YOUR ASSIGNMENT -
After locating the line with "UHS Welcomes Mandarin-Speaking Counselor 徐薇喬" in the entries below, output it and each following line up to and including the line with "DKNY 100ml edp at Escentual", exactly and without pictures.

RECORDED INFORMATION -
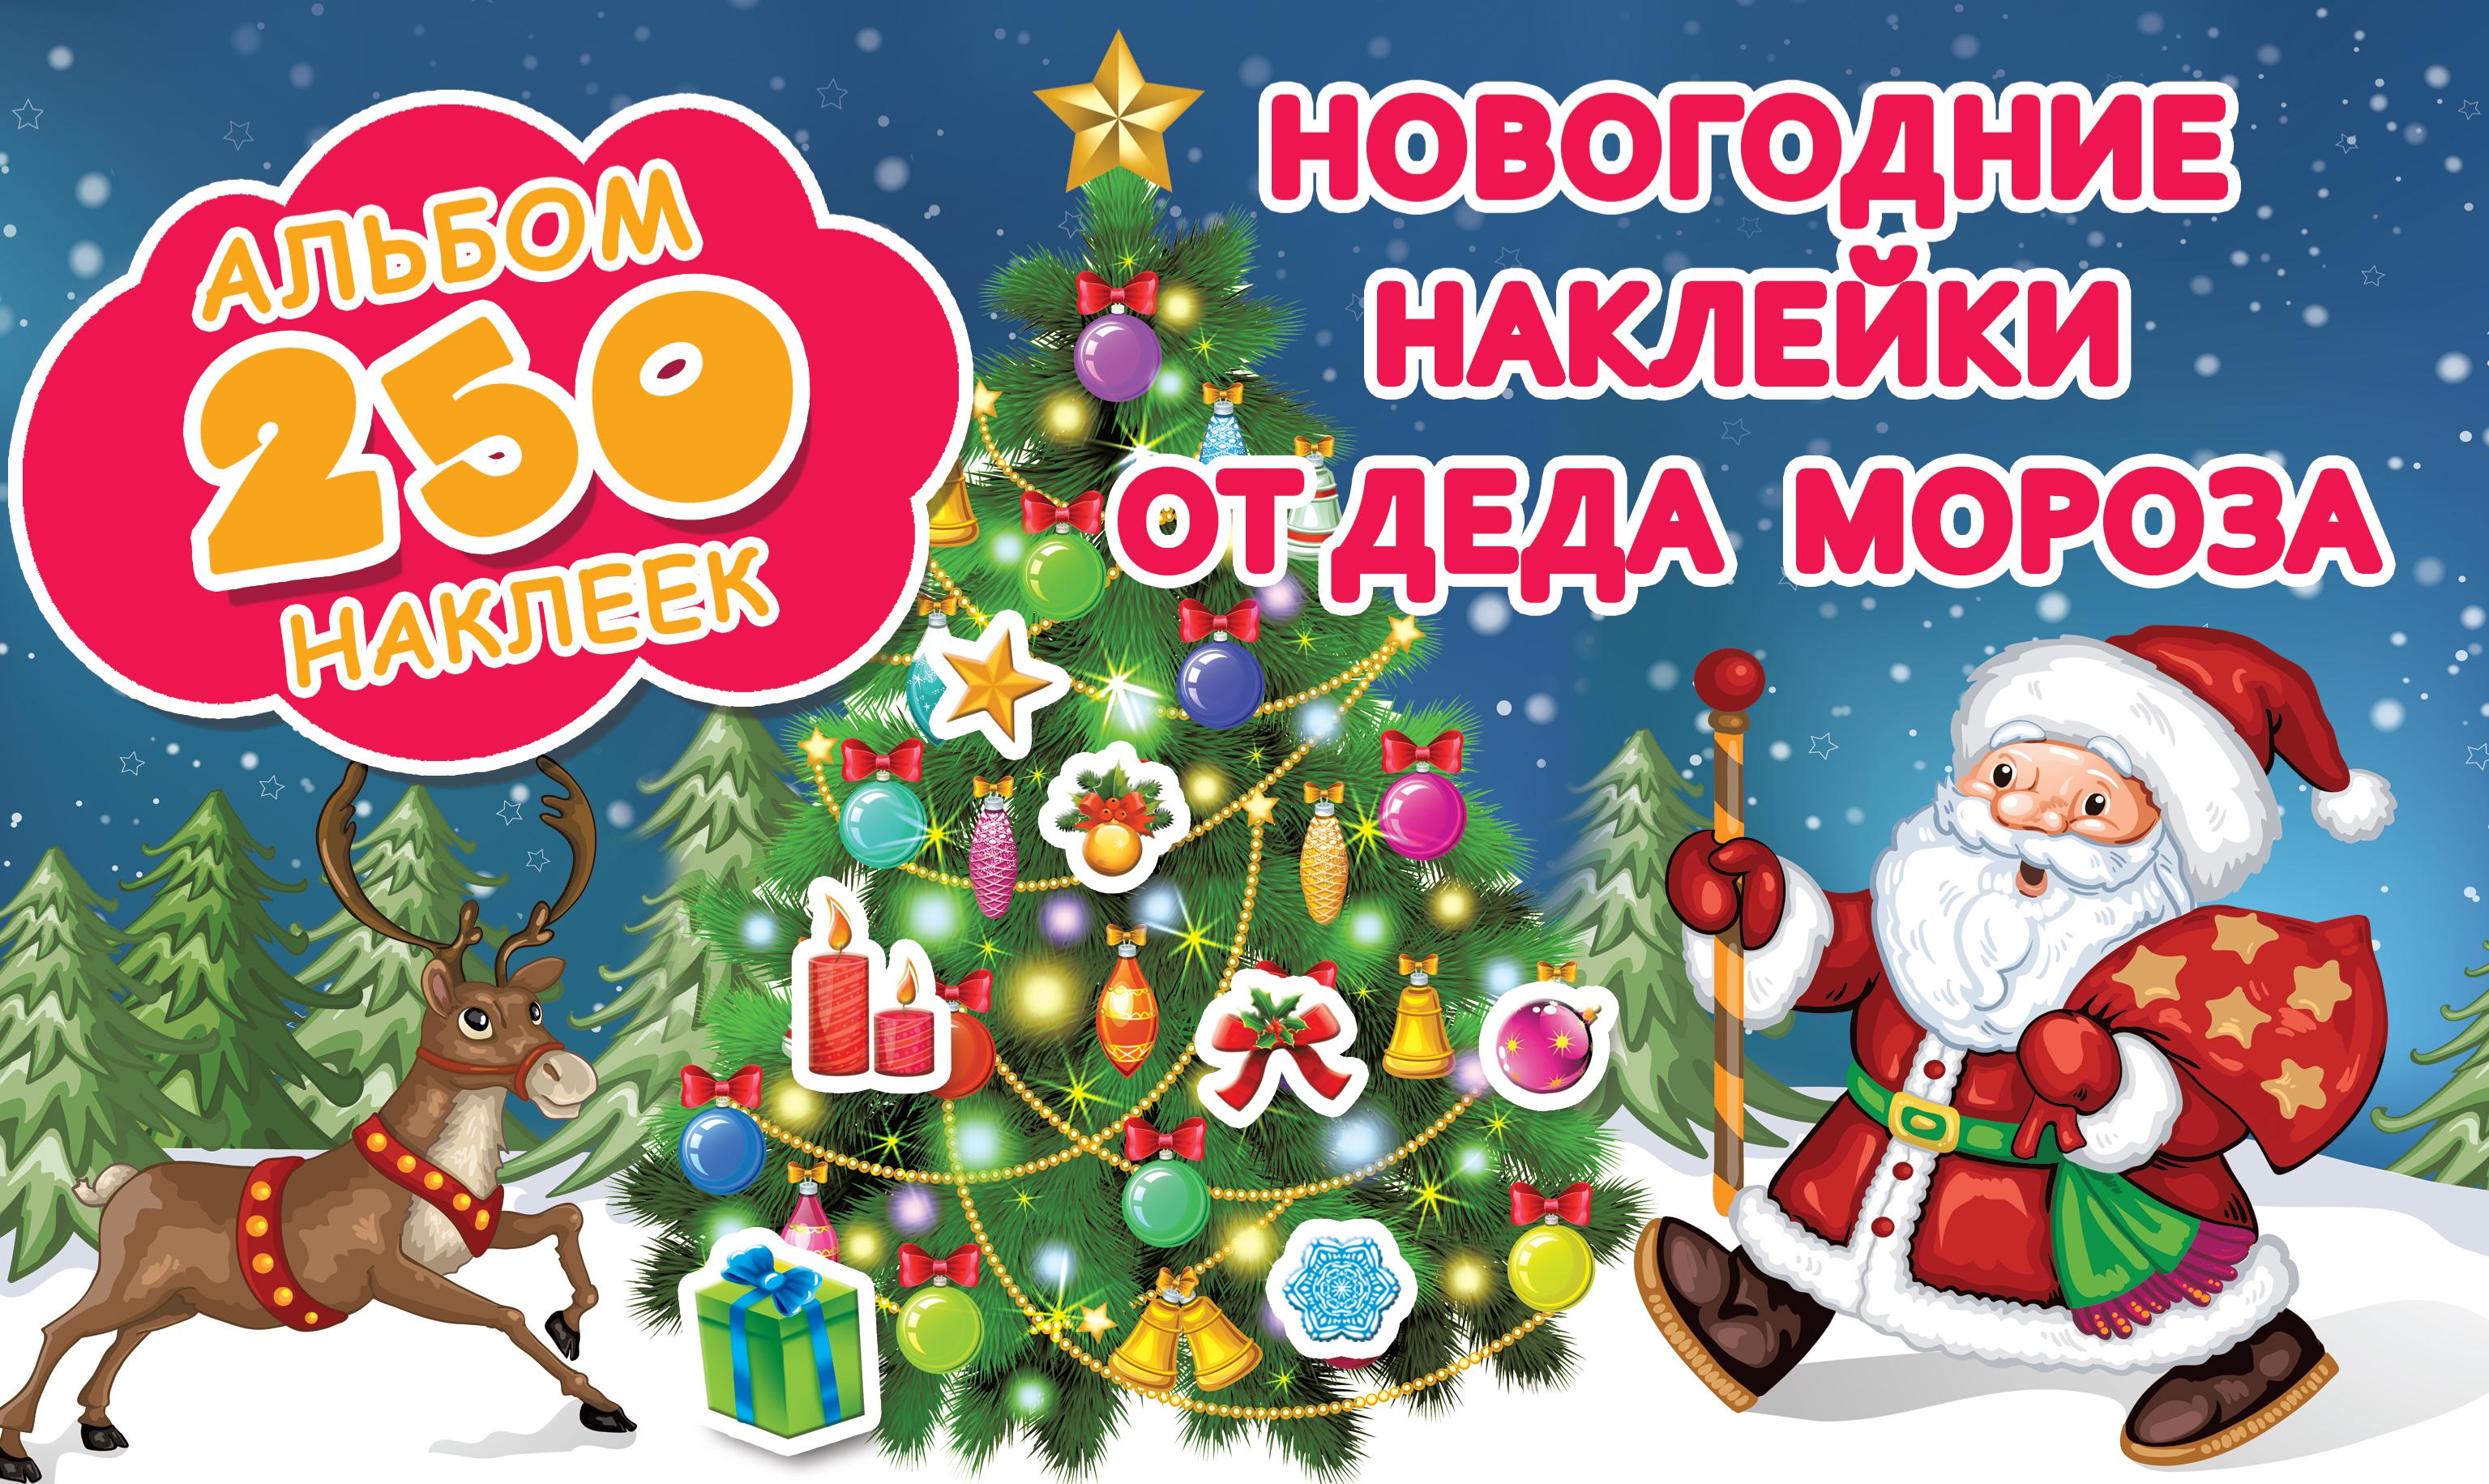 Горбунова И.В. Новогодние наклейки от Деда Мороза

==

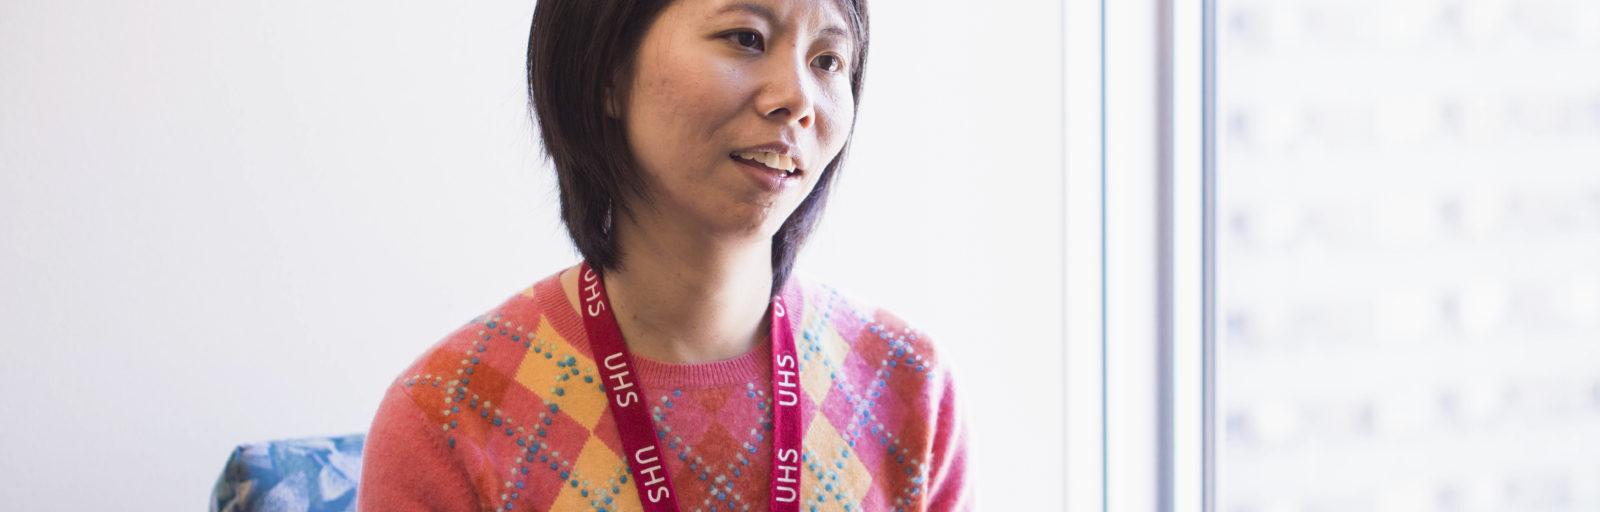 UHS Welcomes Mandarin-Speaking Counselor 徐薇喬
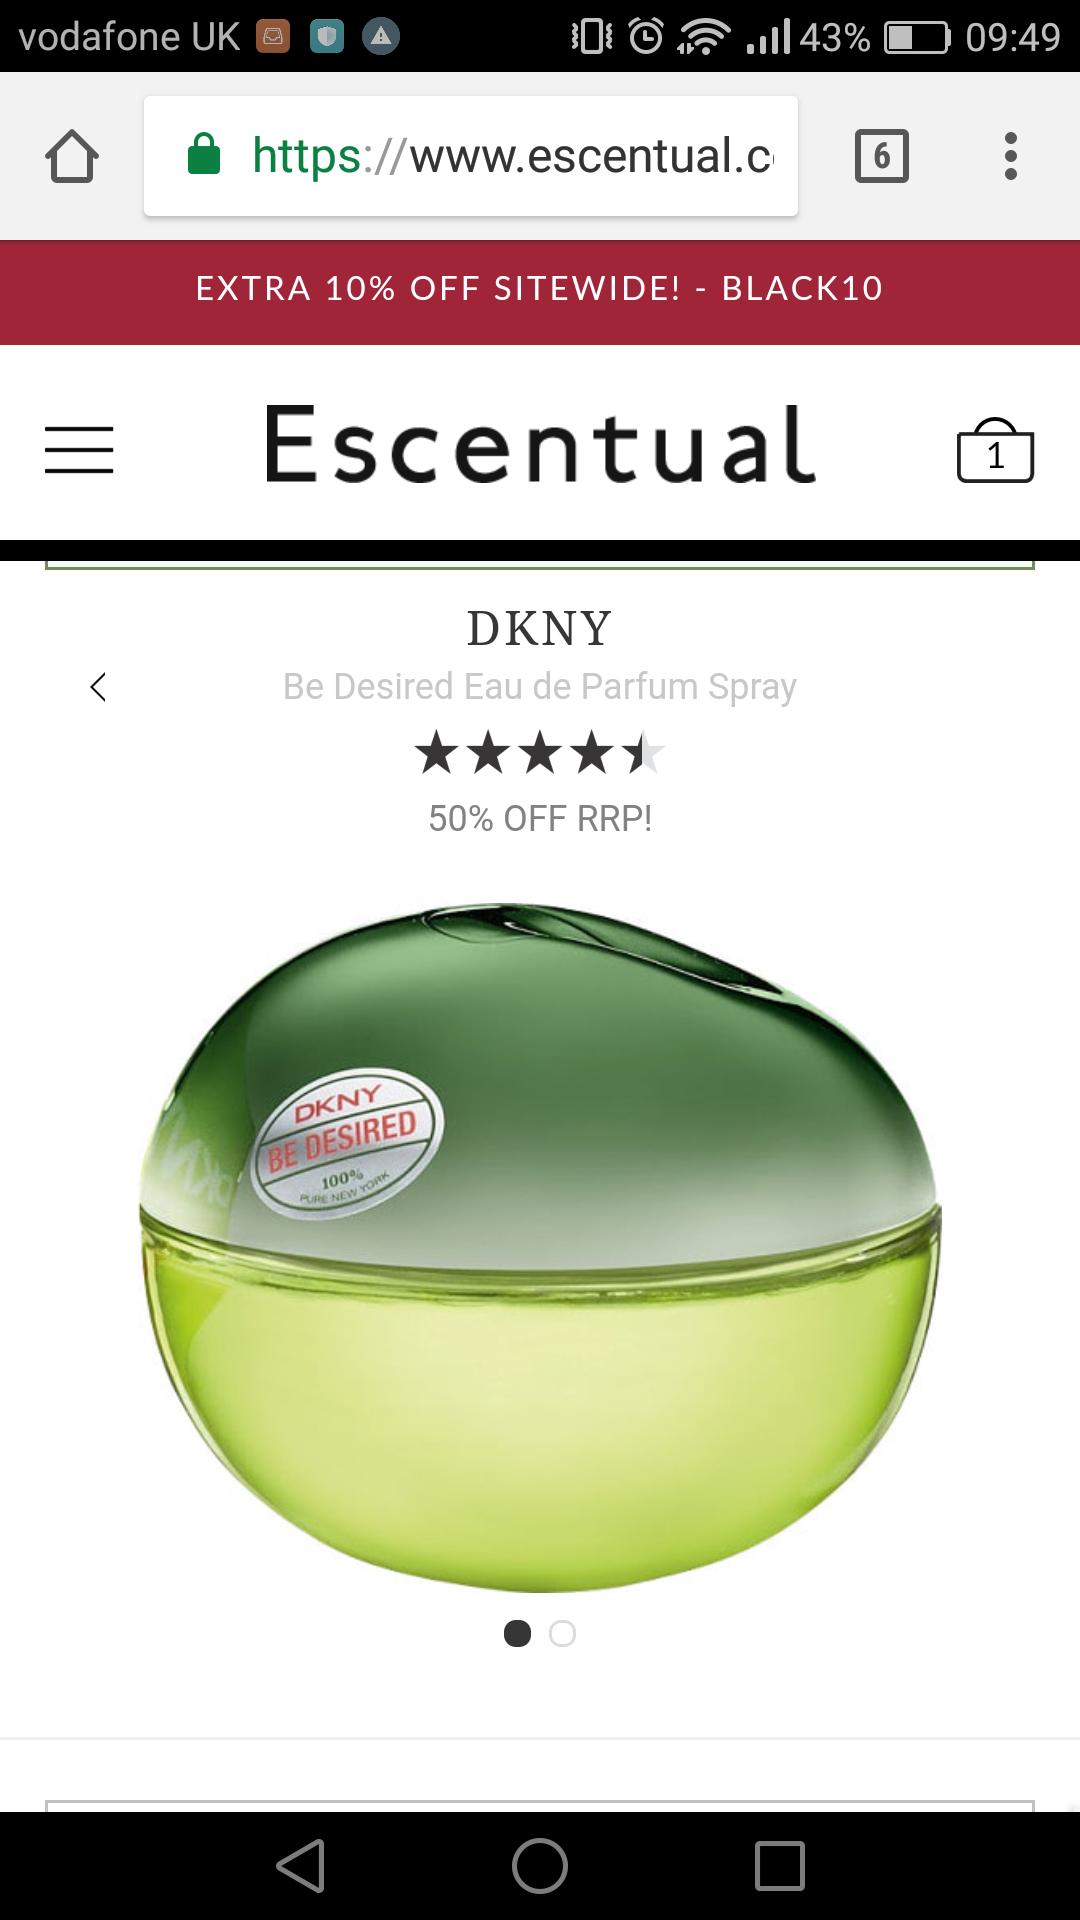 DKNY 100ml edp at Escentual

ANSWER SECTION -
 UHS Welcomes Mandarin-Speaking Counselor 徐薇喬
 DKNY 100ml edp at Escentual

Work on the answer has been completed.